When Grauert's Theorem is presented in Hartshorne, the statement goes as follows:

Let $f:X\rightarrow Y$ be a projective morphism of noetherian schemes, and $\mathcal F$ a coherent sheaf on $X$, flat over $Y$. Assume that $Y$ is integral and for some $i$, the function $h^i(y,\mathcal F)=\dim_{k(y)} H^i(X_y,\mathcal F_y)$ is constant on $Y$. Then $R^if_*(\mathcal F)$ is locally free on $Y$ and for every $y$ the natural map

$$R^if_*(\mathcal F)\otimes k(y)\rightarrow H^i(X_y,\mathcal F_y).$$

I was wondering if the assumption that $Y$ be integral can be removed. Certainly the proof in Hartshorne uses the integrality condition.

I know that the projective requirement can also be made more general in allowing proper morphisms. I have seen a statement to this effect (in allowing properness and any Noetherian scheme $Y$ as a base) in Nitsure's notes "Construction of Hilbert and Quot schemes" (Part 2 of "FGA:Explained"), and indeed part (3) of Theorem 5.10 there says precisely the statement above with properness replacing projective and without the requirement that the base be integral, but I was wondering if that was accurate. The reference given for the proof is the above result and proof in Hartshorne, which doesn't cover the general case.

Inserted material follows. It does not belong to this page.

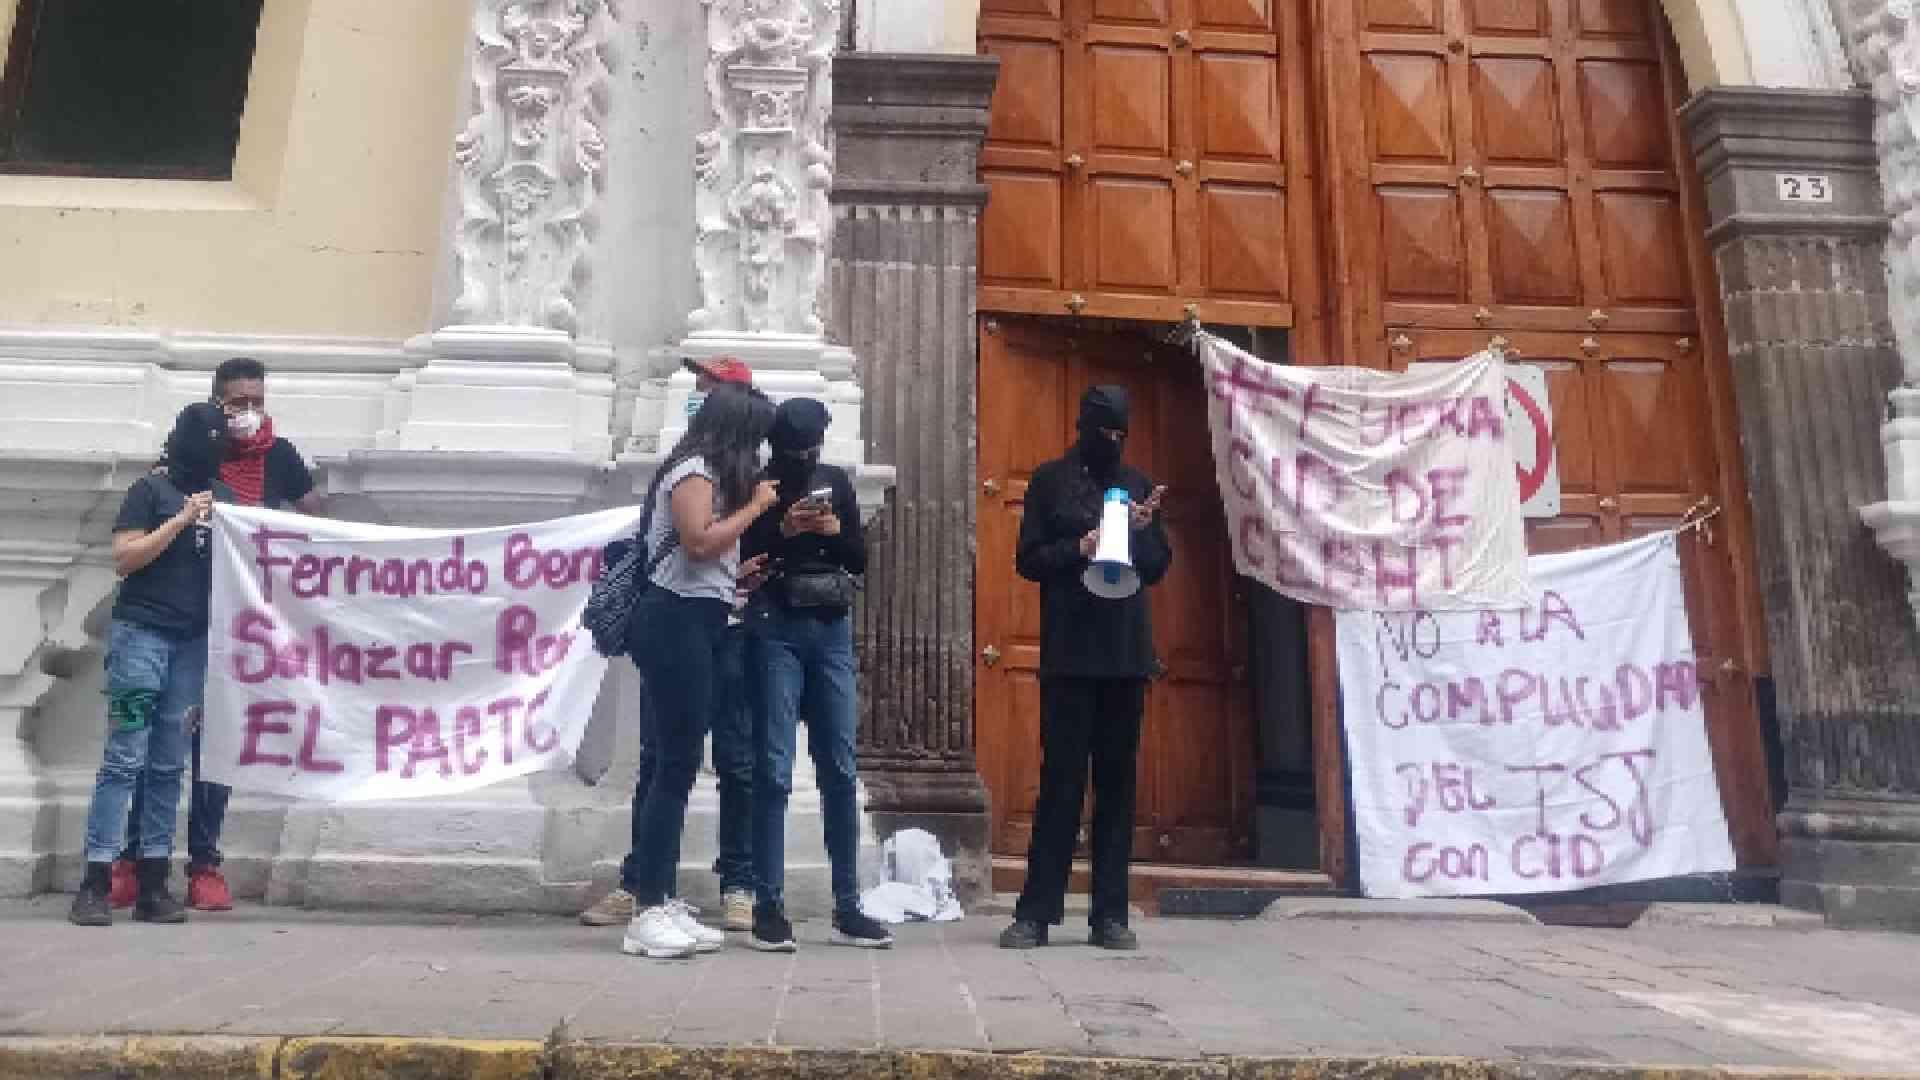 CEDH-Tlaxcala-Comisión Estatal Derechos Humanos-Sociedad Civil-Victor Manuel Cid del Prado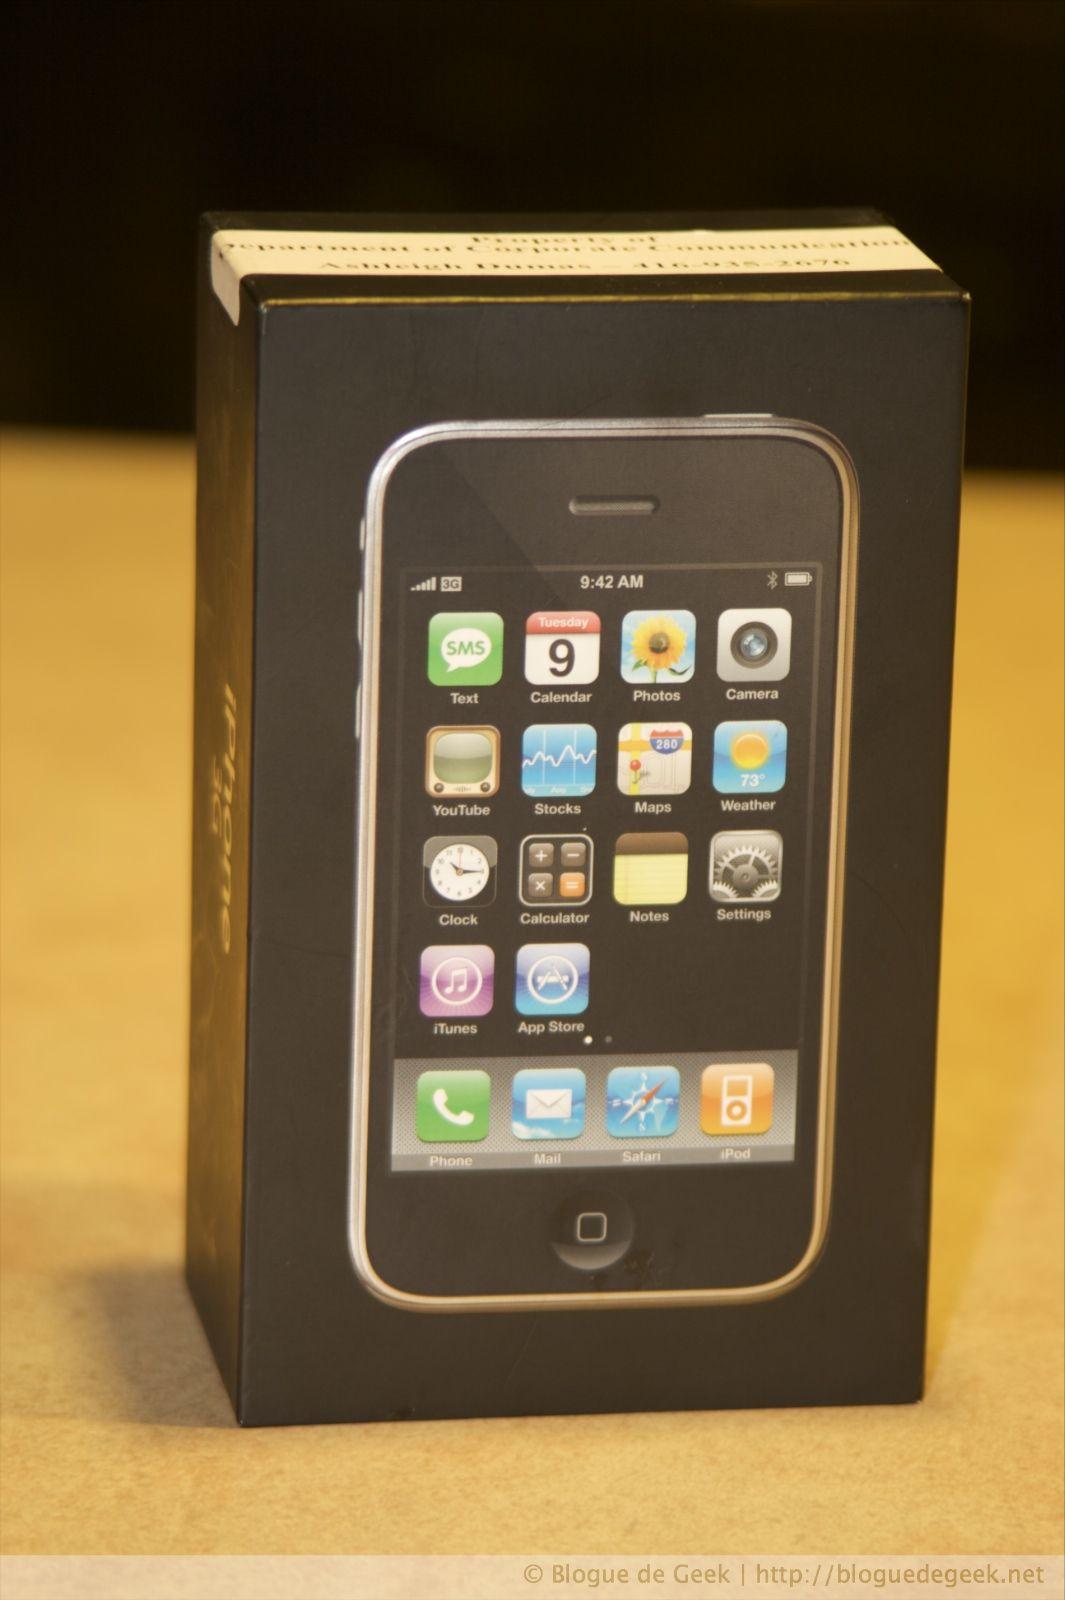 img 25862 - iPhone 3G avec Rogers au Canada [Évaluation]

In short, I would like to know whether this generalization (1) is indeed true, (2) if Hartshorne's proof can be easily modified, and (3) if not, is there a good reference (EGA is acceptable, but not preferred).

-
– Damian Rössler Dec 11 '12 at 21:09
You can still hope that the following holds: suppose $f:X\to Y$ and $\mathcal{F}$ are like in your first sentence. Then if $R^i f_*(\mathcal{F})$ is locally free on $Y$, then $R^i f_*(\mathcal{F})$ commutes with base change. This I think is true and follows from the discussion of cohomology and base change in Mumford's "Abelian varieties". – Piotr Achinger Dec 12 '12 at 0:50
@Piotr: What you suggest fails for $X = A \times A^t$, $Y = A^t$, $f$ the natural projection, and $F$ being the Poincare line bundle for an abelian variety $A$ of dimension $g$. Indeed, $R^i f_*(F) = 0$ for $i < g$, but the same is not true for the fibre over $0$. – anon Jan 13 '13 at 6:06

There is a very clear exposition of the base change theory in Mumford's book on abelian varieties.

-
It is very beautiful, but iirc requires a reduced base... – Daniel Litt Jan 9 '13 at 22:21
But uiam the dimension of cohomologies of fibers won't detect freeness of direct images if the base is not reduced. – ACL Jan 10 '13 at 0:14

The standard proof (with only reduced hypotheses) is Theorem 28.1.5 in the June 11, 2013 version of the notes at http://math216.wordpress.com/

-

Did you look at Corollary 8.3.6.5 of Illusie's article in the "FGA:Explained" volume?

-